[6,17] XVII. Le désir de réfuter les oeuvres des philosophes
m'a poussé plus loin que je n'avais dessein
d'aller. Je montrerai que les mouvements
qu'ils ont pris pour des vices, bien loin d'être
des vices, sont au contraire de grandes vertus.
Je ferai entrer dans ma preuve un exemple que
je tiens pour très important. Ils soutiennent
que la crainte est un vice, que c'est une faiblesse
d'esprit, qu'elle est directement opposée
au courage, et que jamais elle ne se rencontre
avec lui. Quelqu'un pourrait-il jamais croire que
ce soit une action de courage que de craindre?
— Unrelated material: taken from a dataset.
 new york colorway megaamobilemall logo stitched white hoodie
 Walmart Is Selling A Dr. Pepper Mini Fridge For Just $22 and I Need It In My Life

Il n'y a point d'apparence. On ne saurait s'imaginer
que quoi que ce soit puisse être le même
que son contraire. Cependant, sans user des subtilités
dont Socrate use dans Platon pour obliger
ceux contre lesquels il dispute à confesser ce
qu'ils avaient nié, je ferai voir simplement, et
sans artifice : que la plus grande de toutes les
craintes est la plus grande de toutes les actions
de courage. Personne ne doute que la crainte
de la douleur, de la pauvreté, du bannissement,
de la prison et de la mort, ne soit un effet de
faiblesse et de lâcheté. Quiconque n'appréhende
aucune de ces choses, passe pour hardi et pour
être intrépide. Quiconque craint Dieu, ne craint
rien de tout cela. Je n'ai pas besoin de chercher
des preuves pour établir cette vérité. On a vu,
et on voit tous les jours, les nouveaux genres
de supplice que souffrent ceux qui le servent.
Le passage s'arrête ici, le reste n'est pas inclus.